The second reason takes us back to Job. When we listen to his words and, remembering Paul’s words in 1 Corinthians 15, when we trust that even after our bodies have decayed we will see God in our new, eternal bodies, then we can find hope even in the middle of life’s most difficult or darkest times. Like Job, God does not abandon us. Instead, God redeems us as whole people, body and soul, through Jesus’ death and resurrection for us. Our Redeemer lives and one day he will stand on the earth in victory over sin, death and all the powers of evil. When that happens, even though our bodies have decayed in the earth or been cremated, bodies we will see God in all of his glory in our new, physical, flesh and blood bodies. With our own eyes we will see the face of our Redeemer and Saviour in perfect 20/20 vision. When that happens, all the pain, all the sorrow, all the loneliness, confusion and uncertainty will disappear as we see face to face the one we hope for, the one we hope in.
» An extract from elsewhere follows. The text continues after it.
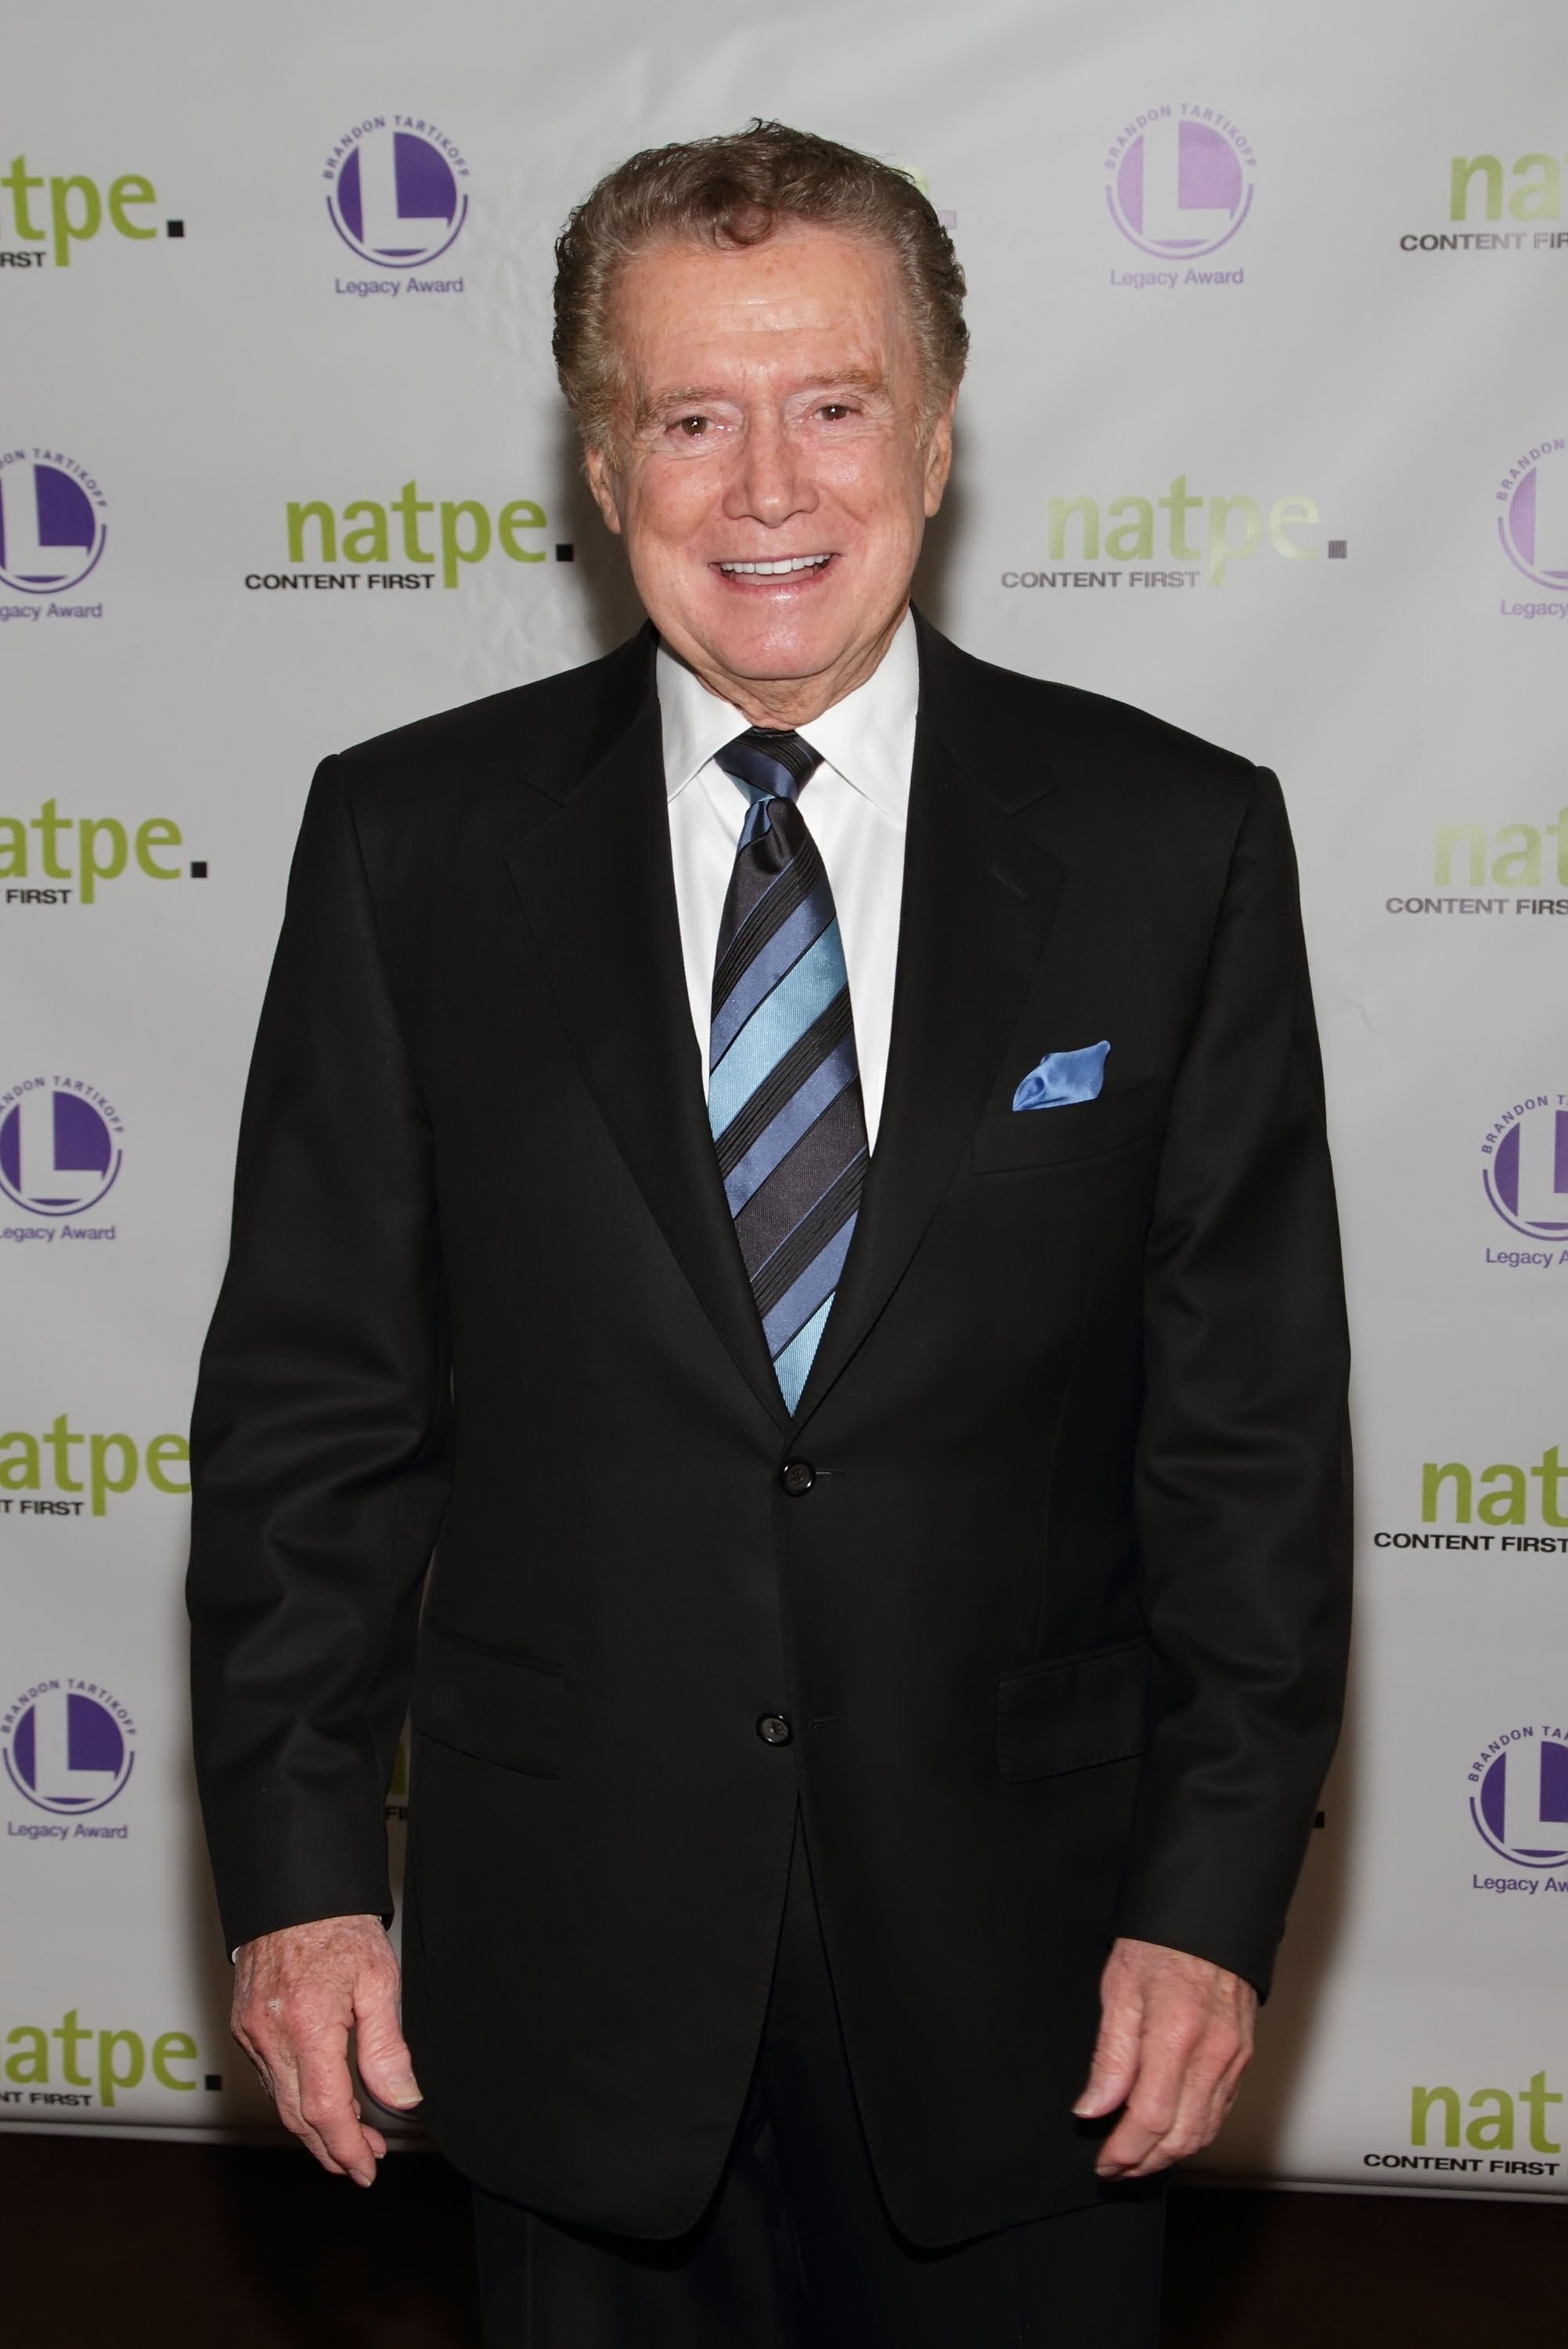 Regis Philbin at the 8th Annual NATPE Brandon Tartikoff Legacy Awards on January 25, 2011, in Miami Beach, Florida. | Source: Alexander Tamargo/Getty Images

I’ve seen some pretty cool things in my life. I always find that they look a whole lot better when I can see them with my own eyes rather than just a photo. When our lives in this world are over and we finally see Jesus with our own eyes, it will be like nothing else. Like Job, I’m overwhelmed at the thought!

Until that day, we can live every day in the hope that in our bodies, with our own eyes, by the grace of our Redeemer Jesus, we will see God!

Heaven Comes Down (Revelation 21:1-6)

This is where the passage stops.